*Assignment*
Nothing should appear in the answer except the lines below from the line containing "Juegos en Monopoly Casino" through the line containing "Ракетка для настольного тенниса цена.", copied exactly, with pictures left out.

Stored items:
• • • • • • •

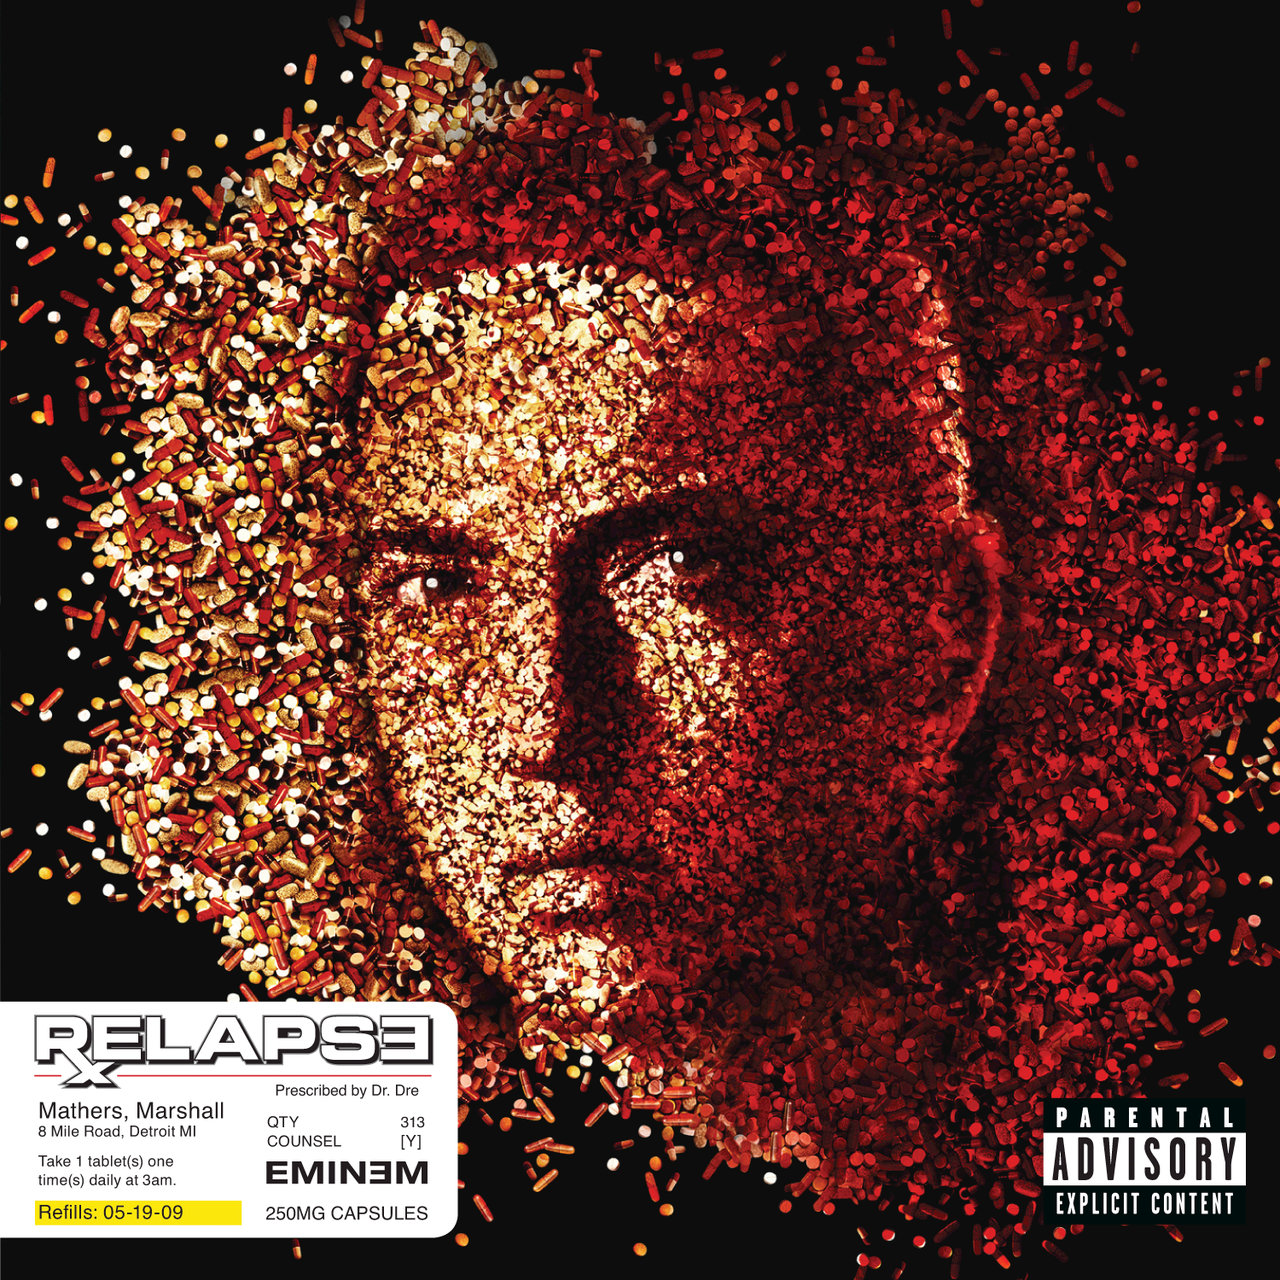 Eminem - Relapse (Cover)
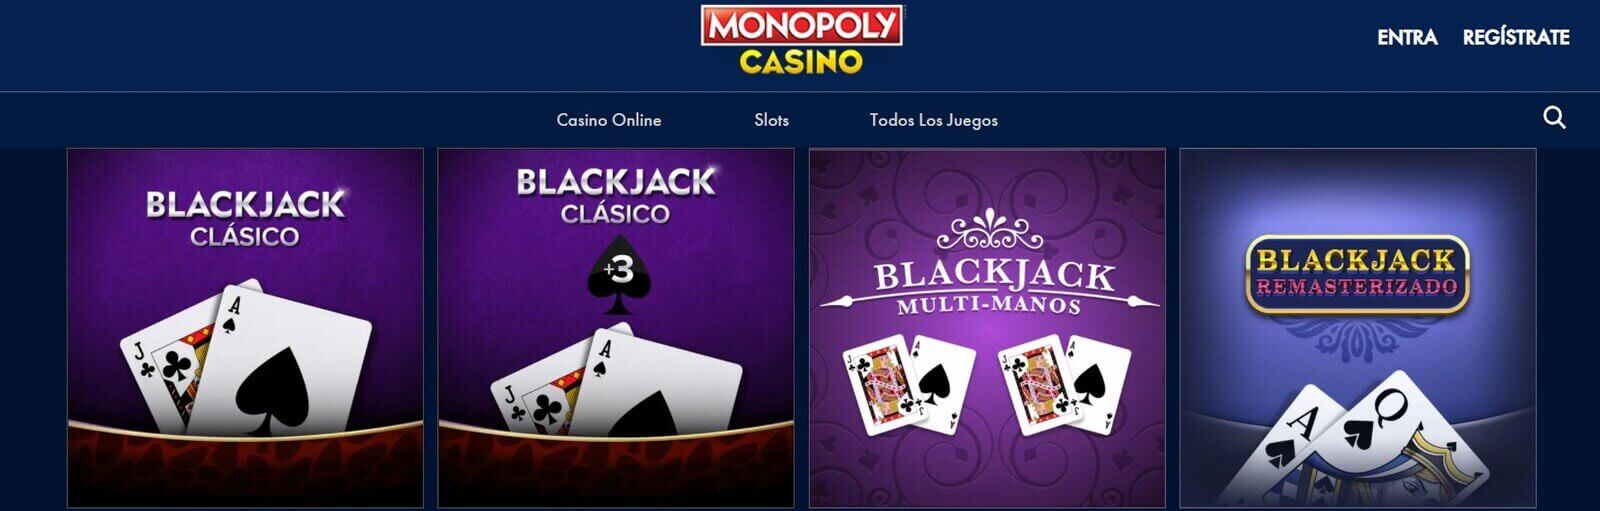 Juegos en Monopoly Casino
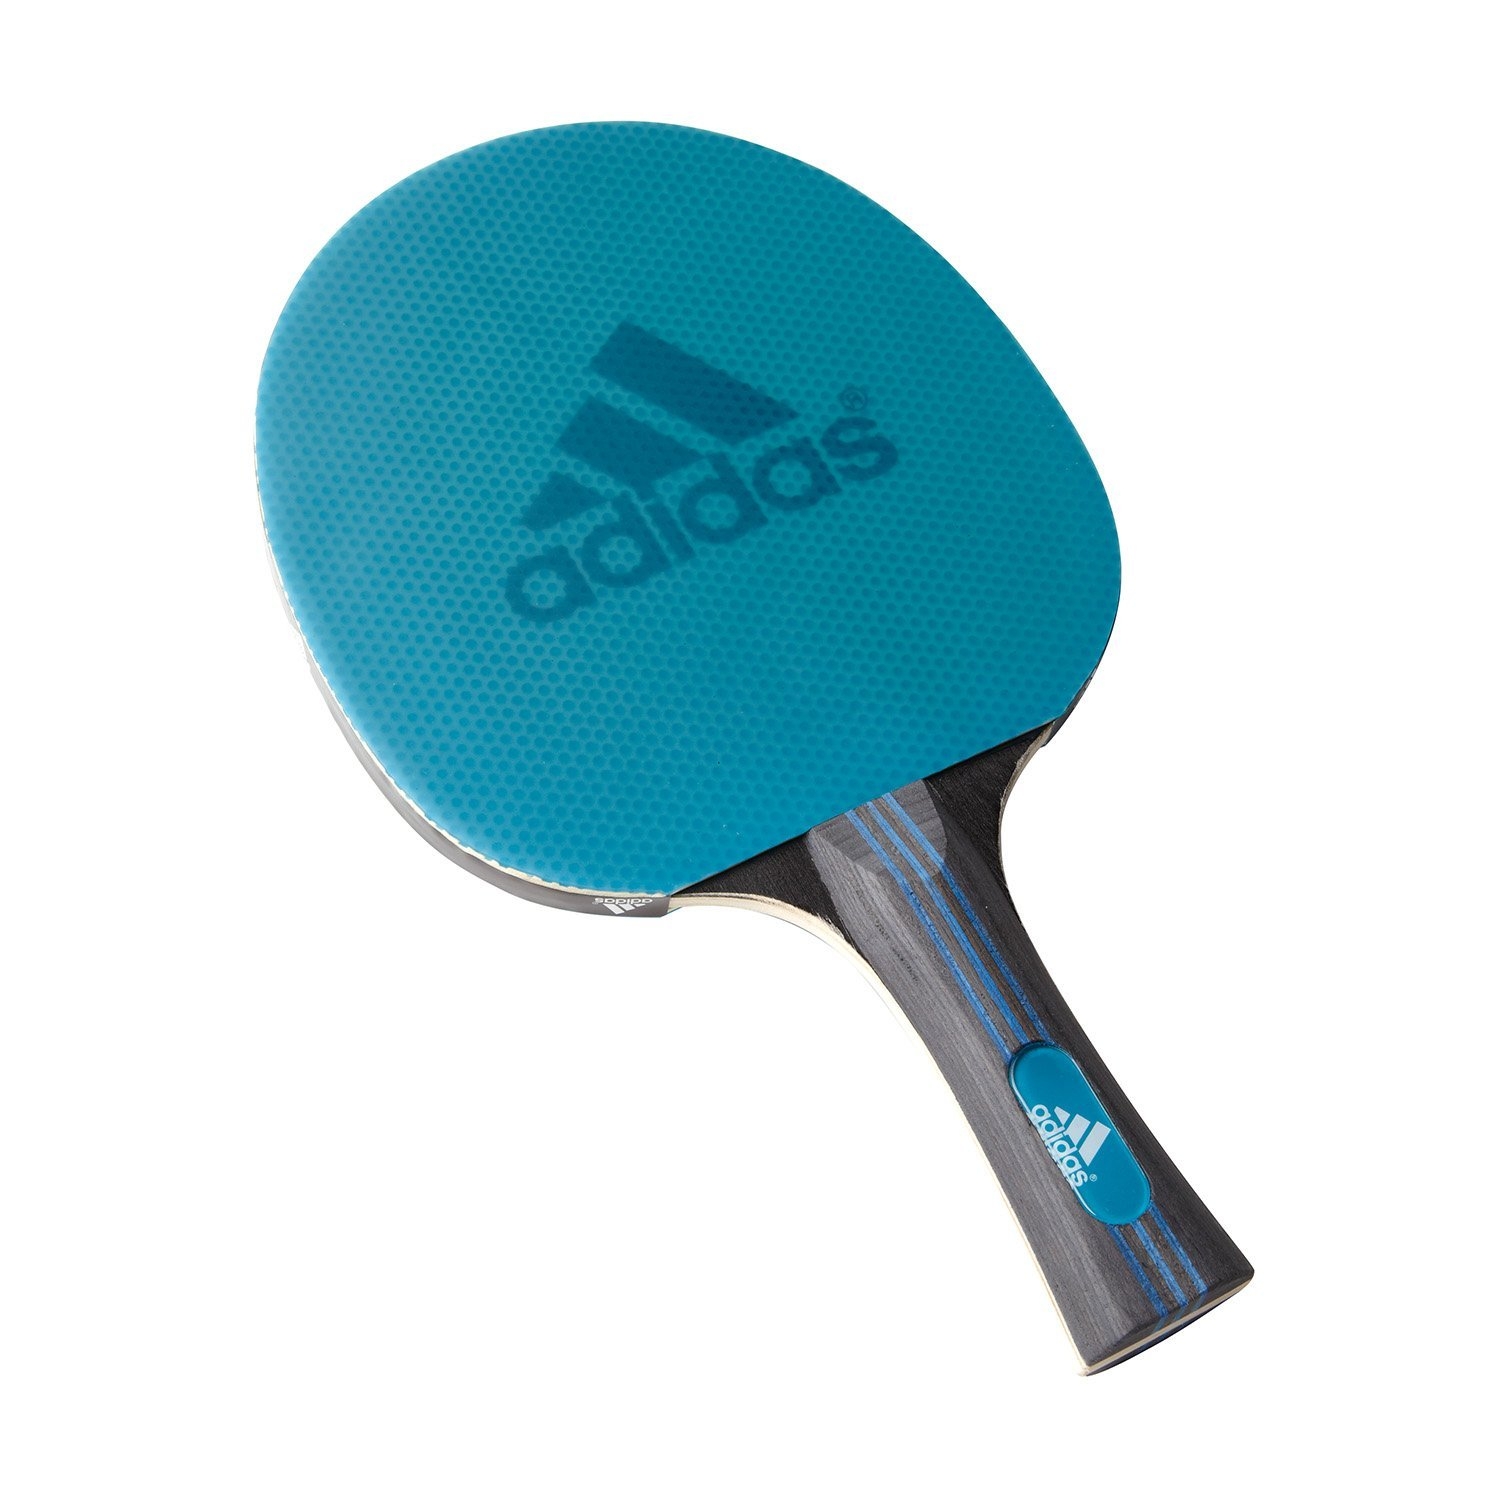 Ракетка для настольного тенниса цена. Adidas Laser ракетка для настольного тенниса. Ракетка адидас для настольного тенниса. Ракетка адидас для настольного тенниса Vigor 120. Ракетка для пинг понга adidas.
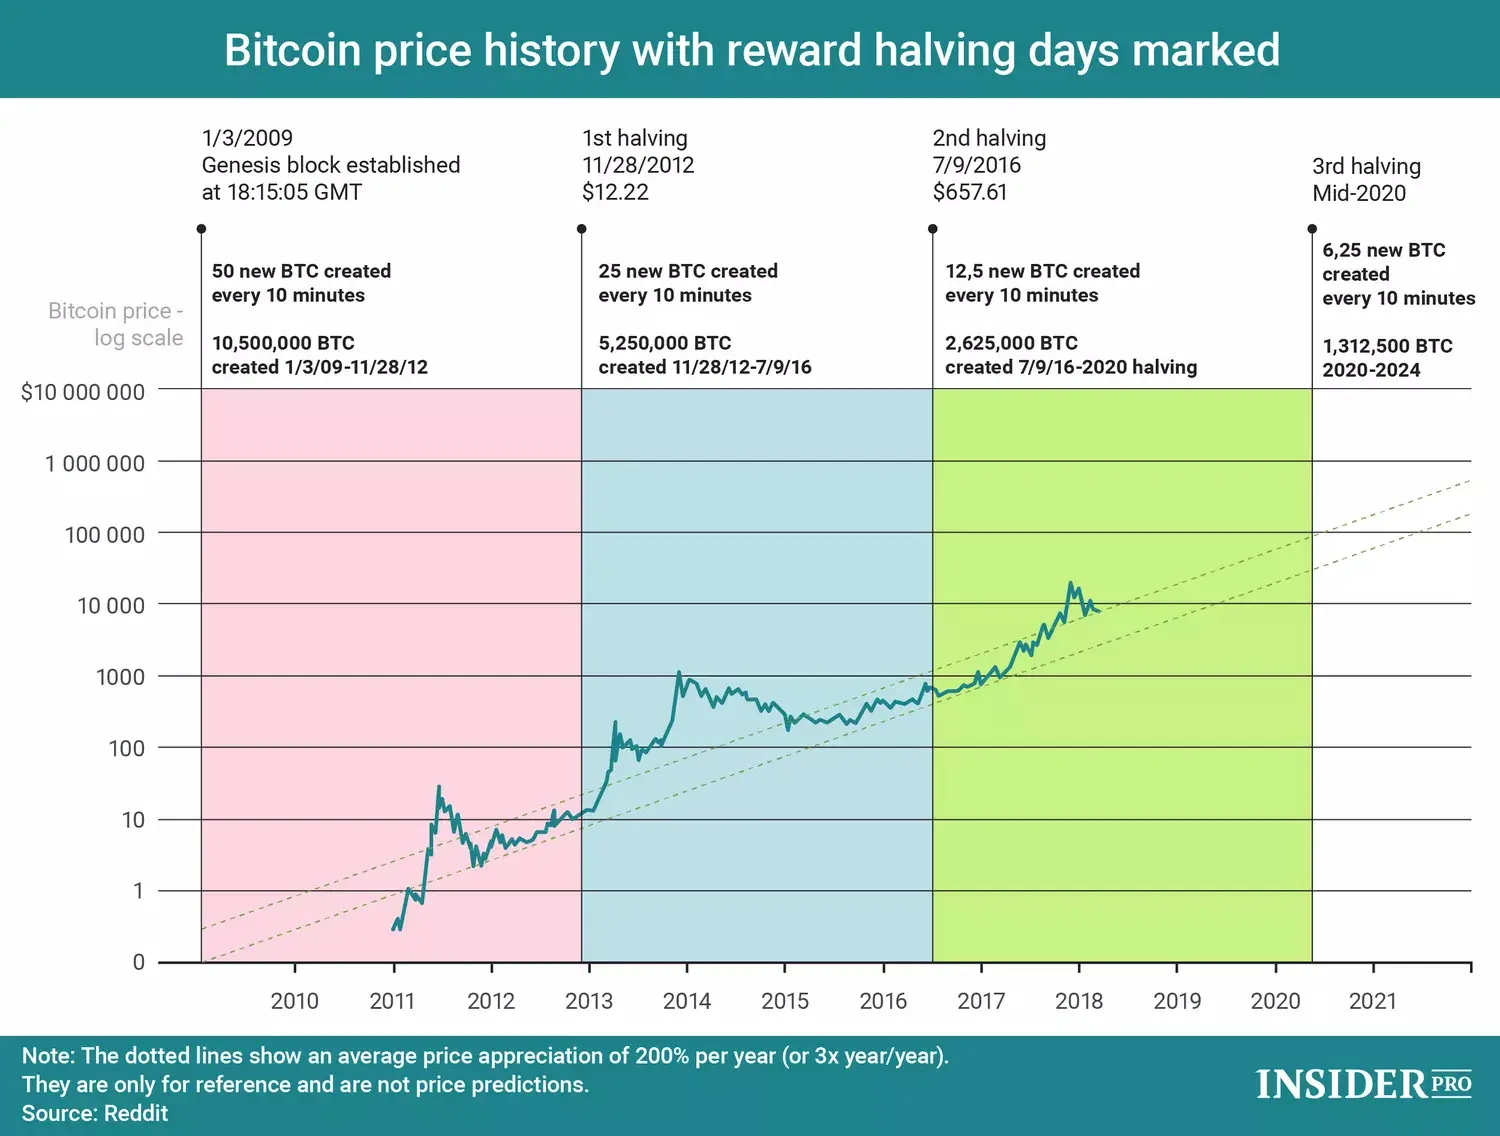 Alta do Bitcoin após halving em anos anteriores
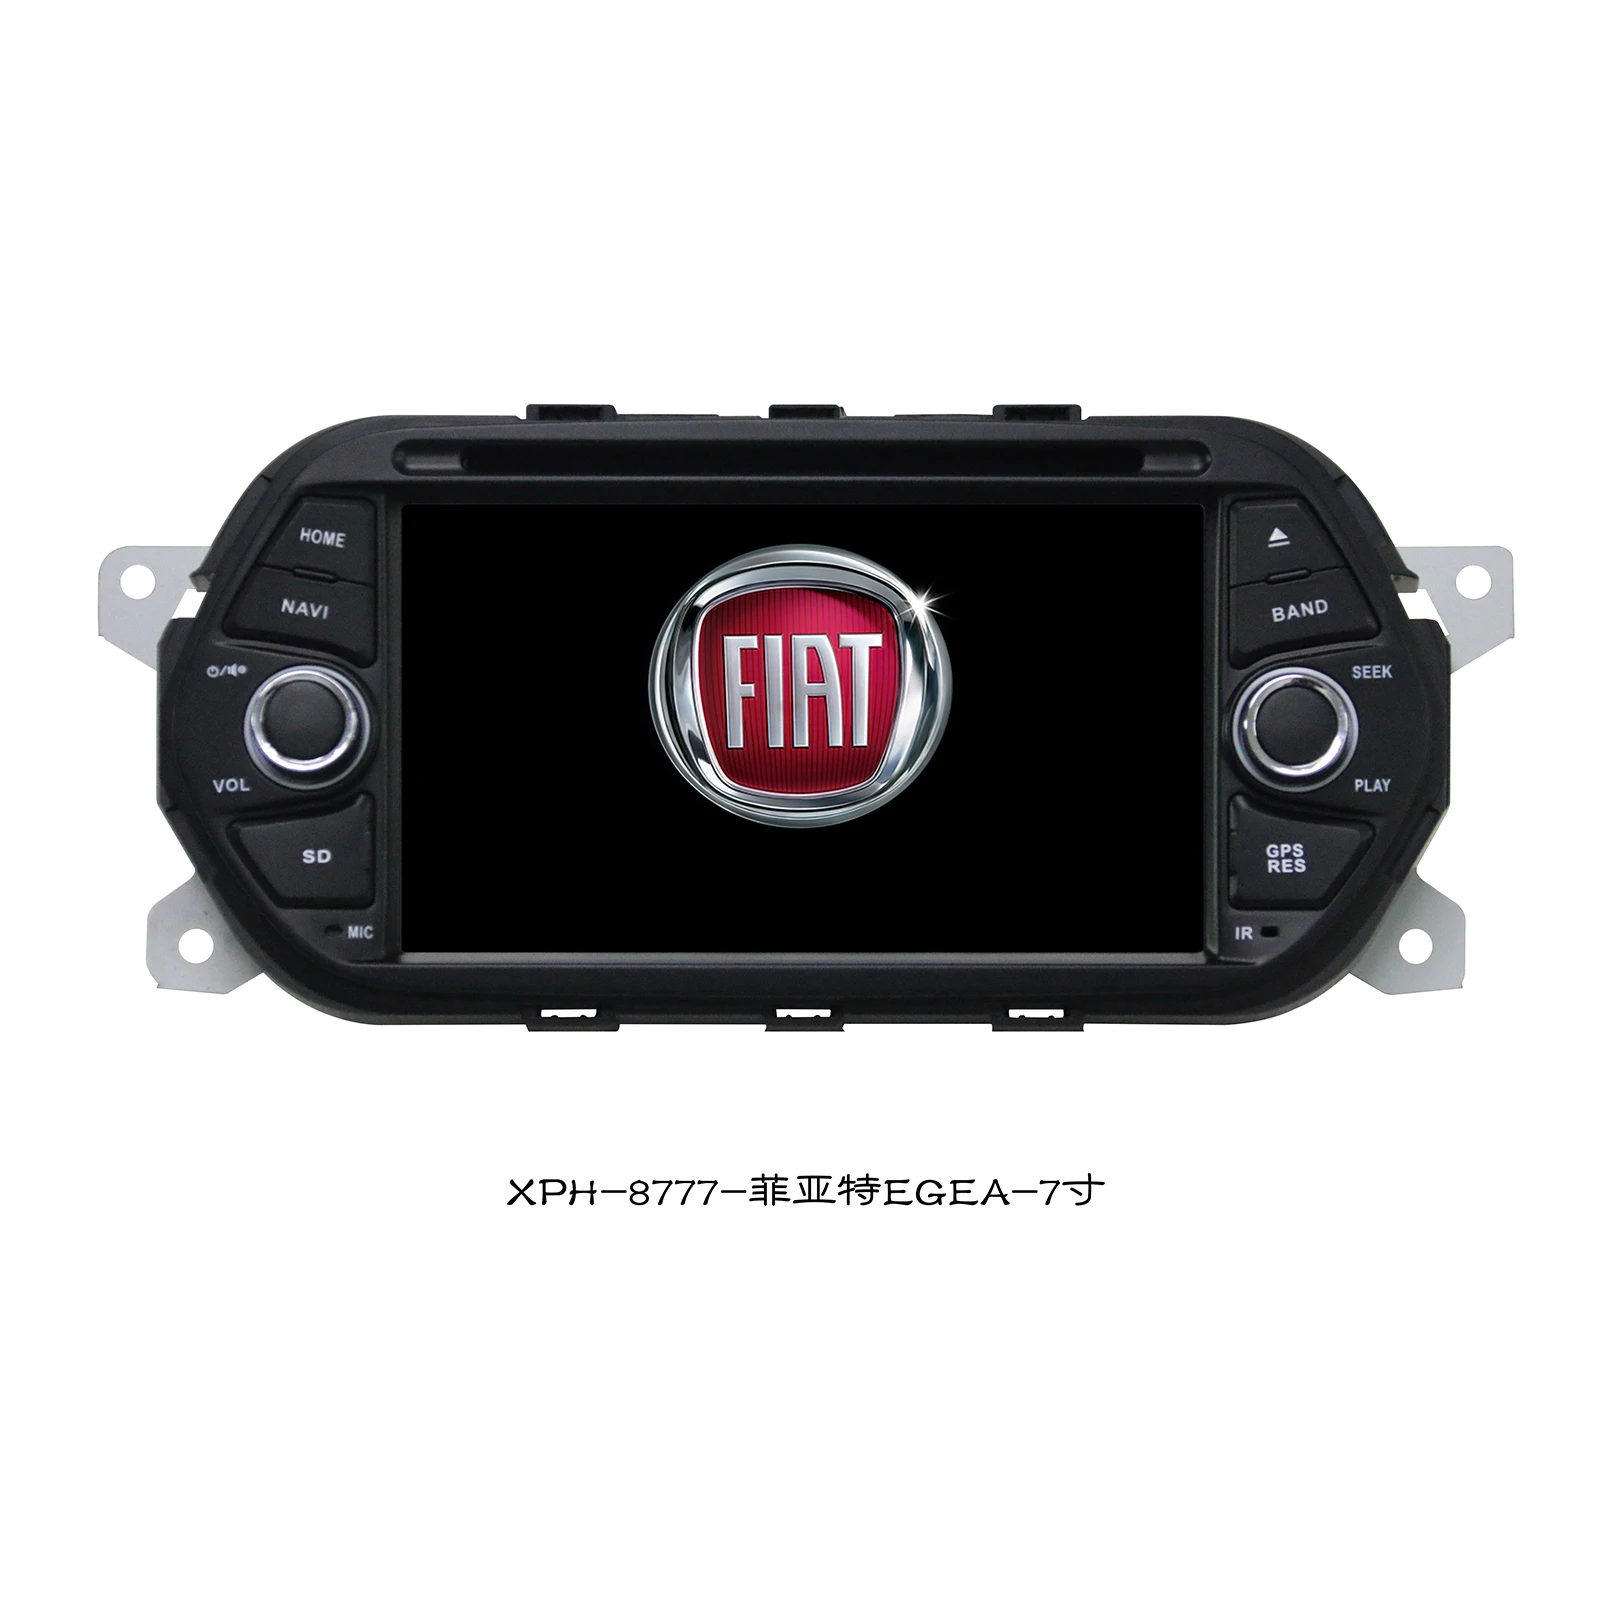 HCXV Android Автомобильный радиоприемник стерео Для Fiat EGEA Android Автомобильный стерео Автомобильная навигационная мультимедийная система DVD-плеер Аудио GPS Авторадио 1

• • • • • • •

*The completed task*
 Juegos en Monopoly Casino
 Ракетка для настольного тенниса цена. Adidas Laser ракетка для настольного тенниса. Ракетка адидас для настольного тенниса. Ракетка адидас для настольного тенниса Vigor 120. Ракетка для пинг понга adidas.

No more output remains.